Task to complete: The output should contain the listing word for word and no pictures.

Dataset content:
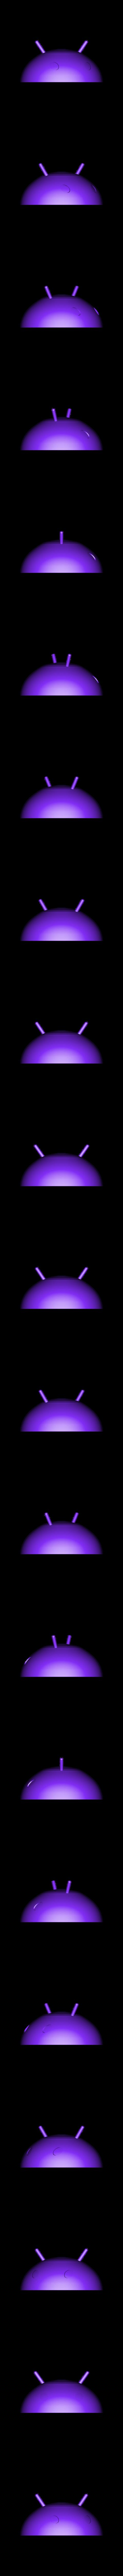 Bugdroid_Head.stl Download free STL file Bugdroid - Android Mascot • 3D printing object, ChaosCoreTech
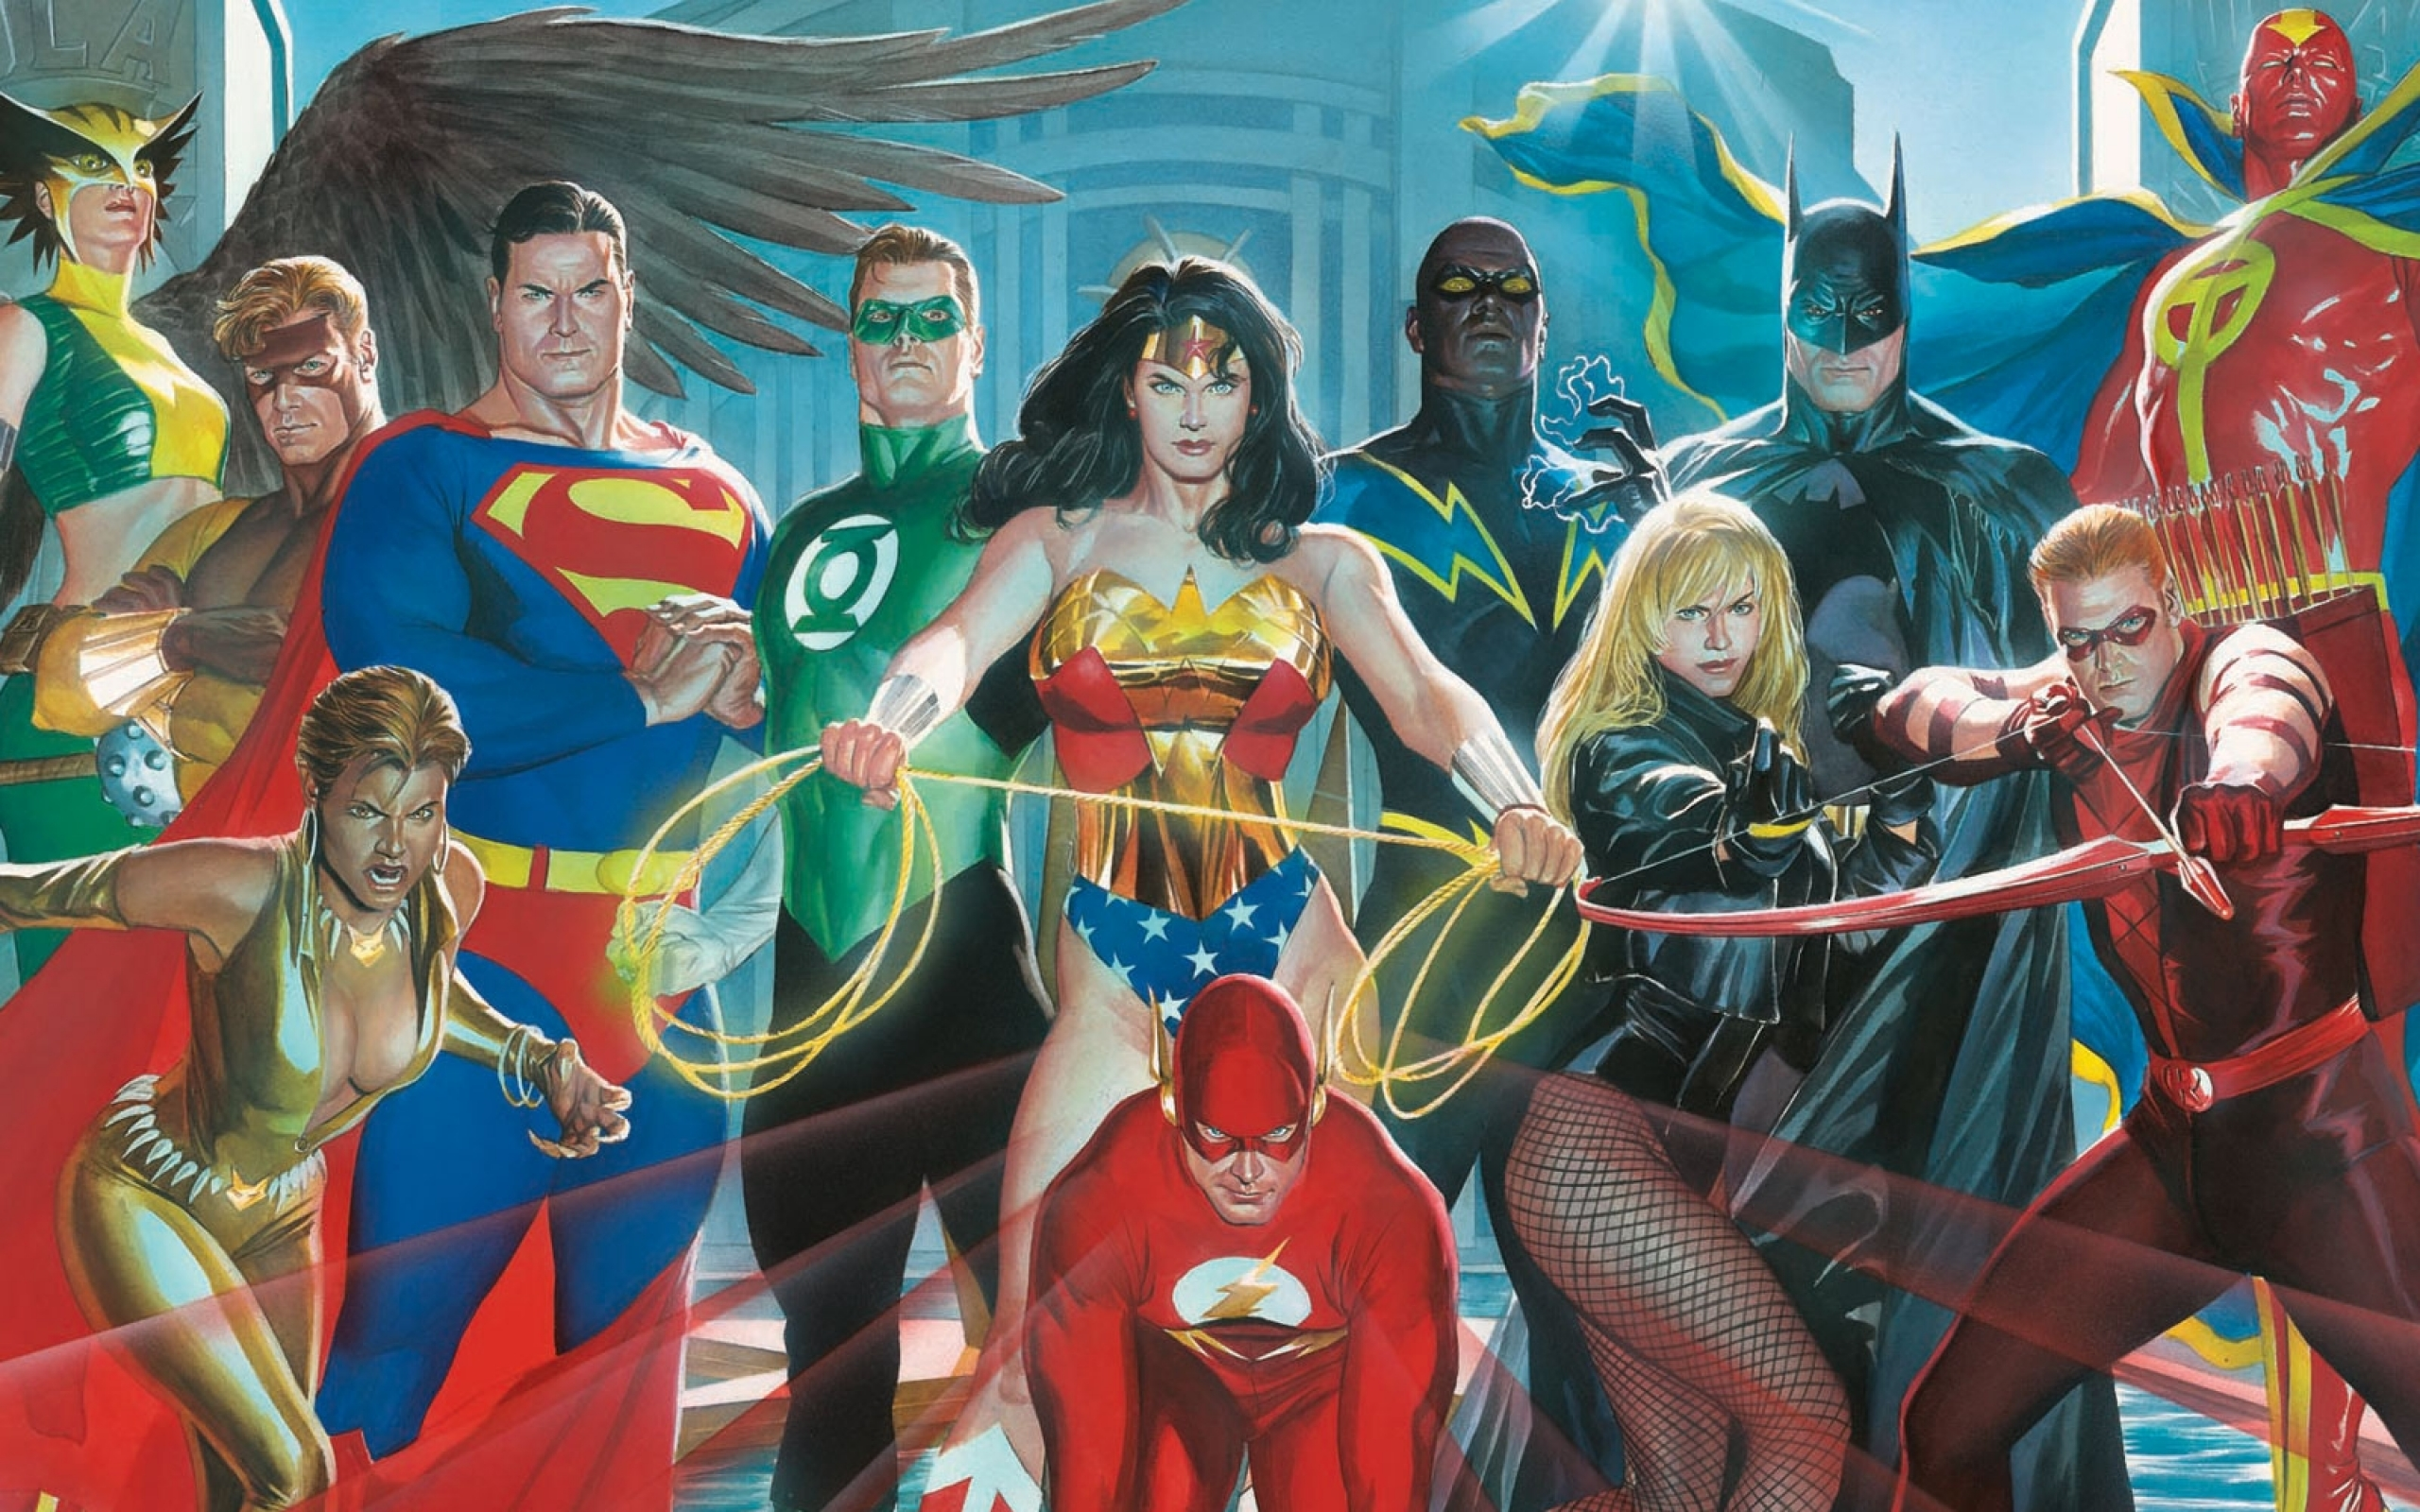 Hd wallpaper justice league - Hd Wallpaper Justice League 13
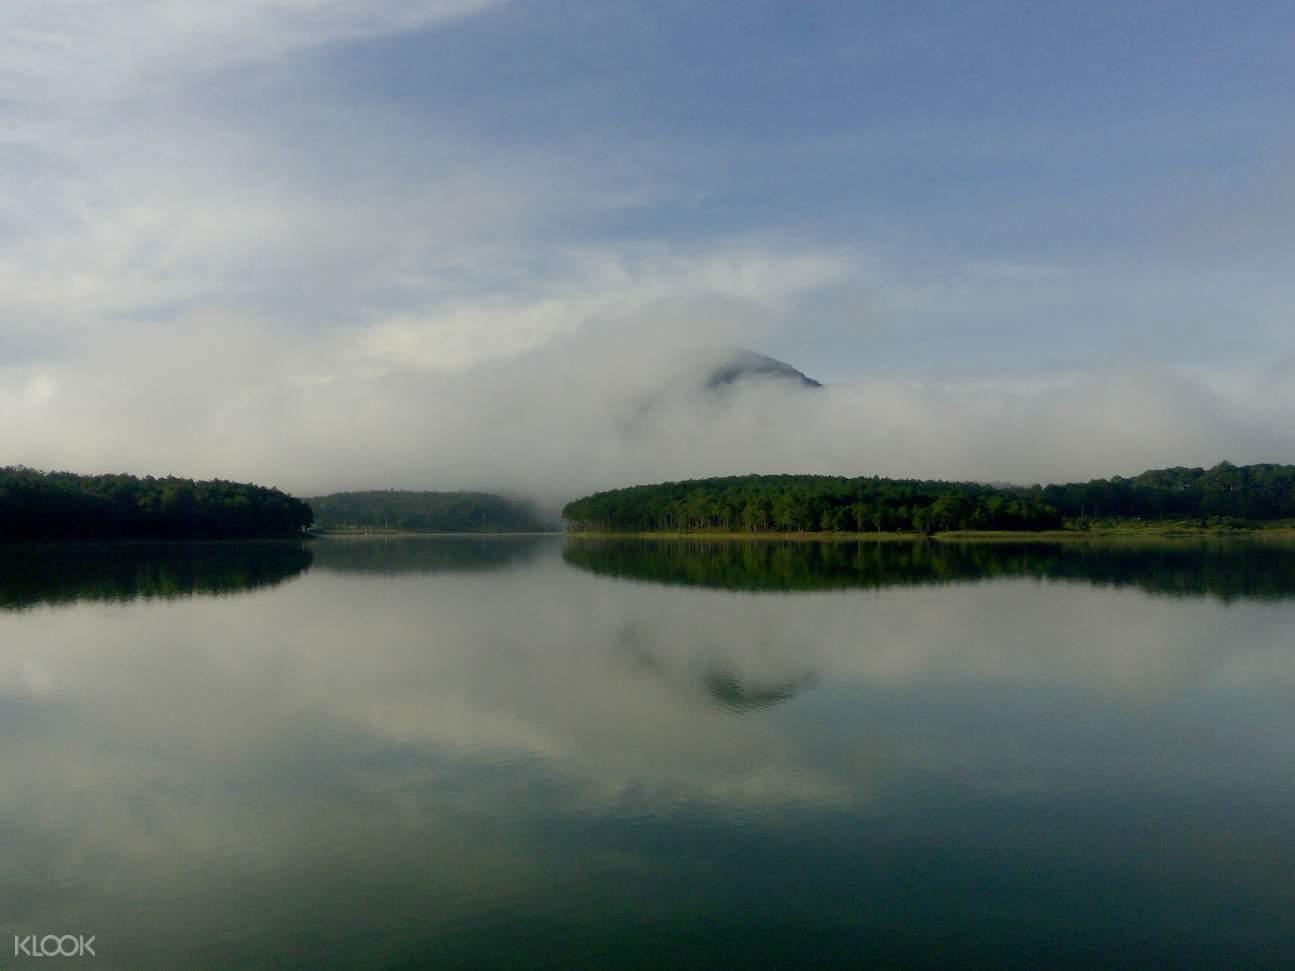 宣林湖(Tuyen Lam Lake)
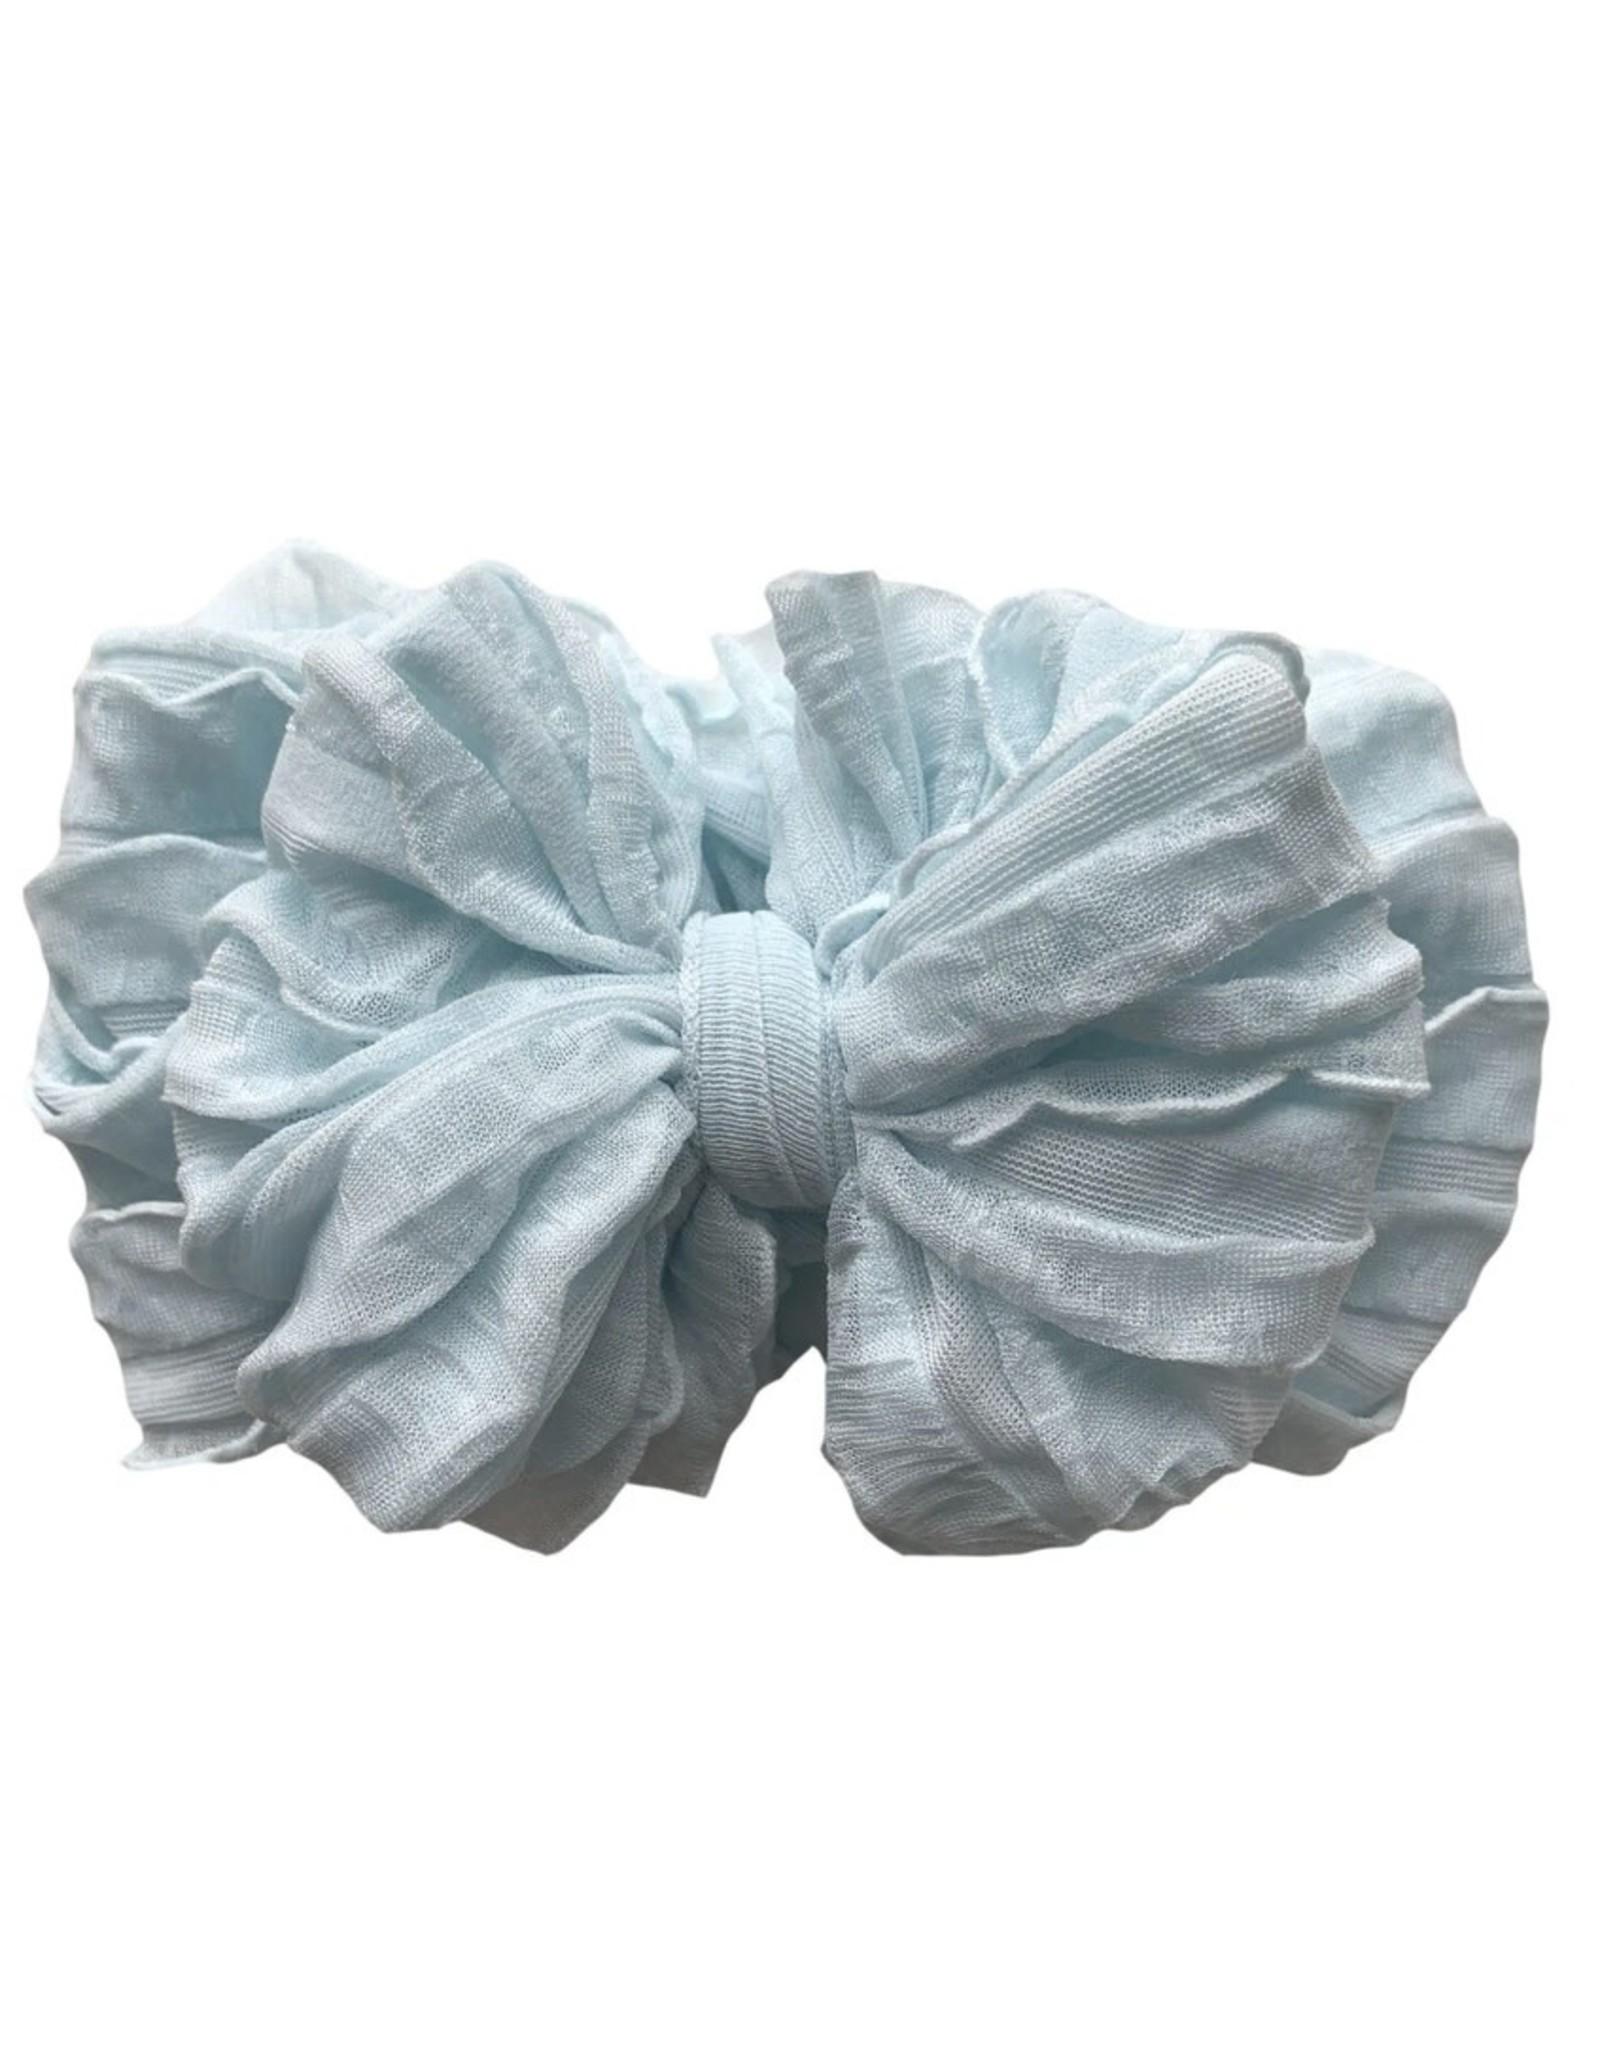 In Awe- Sky Blue Headband

Answer to this exercise:
 Bugdroid_Head.stl Download free STL file Bugdroid - Android Mascot • 3D printing object, ChaosCoreTech
 Hd wallpaper justice league - Hd Wallpaper Justice League 13
 宣林湖(Tuyen Lam Lake)
 In Awe- Sky Blue Headband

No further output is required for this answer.